Looking at the Changelog of the ebuild, it seems that the init script was modified... I think the problem is there...

(I'm using ~x86 for mldonkey)

Reopening bug 189212?

-erm

----------

## Luc484

I don't know if the problem was the upgrade to -r2, but my version is that too. Anyway, I just solved the problem following the 'Clean install' procedure found on the mldonkey home page.
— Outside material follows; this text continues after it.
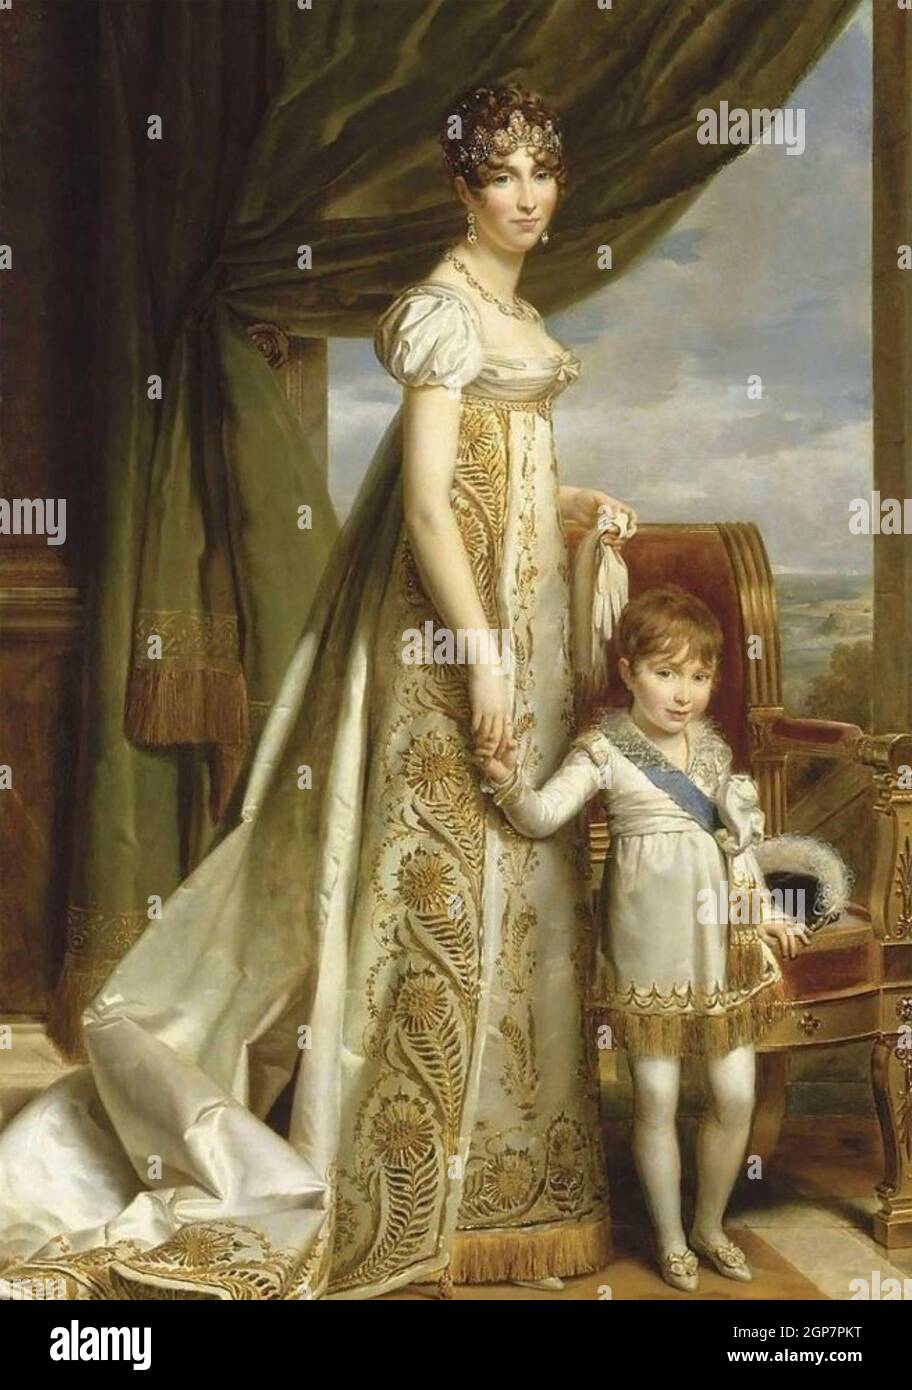 HORTENSE BONAPARTE (1783-1837) Queen consort of Holland, daughter of Napoleon's first wife. Child may be her illegitimate son Charles, Duke of Morny Stock Photo

No problems now it seems. I don't like this solution, but I think I can mark the thread solved anyway if you can solve the problem as well.

----------

## ermannob

Solved changing owner of mldonkey files...

Many files modified by mldonkey before 2.9.0-r2 were owned by root. With 2.9.0-r2 they weren't accessible anymore by mldonkey.

After setting those root's files to p2p's, mldonkey started working again.

(also mlnet.log was owned by root, that's why mldonkey wasn't able to log errors).

----------

## Luc484

Yes, you're right. I noticed that too. I tried this solution but it didn't work. Maybe I didn't find them all, that's why it didn't work for me.

----------

## marcelser

I solved the problem by removing the --background option in /etc/init.d/mldonkey where the start-stop-daemon line is. When you do this mldonkey will print out the messages to the console and you can see the error message. 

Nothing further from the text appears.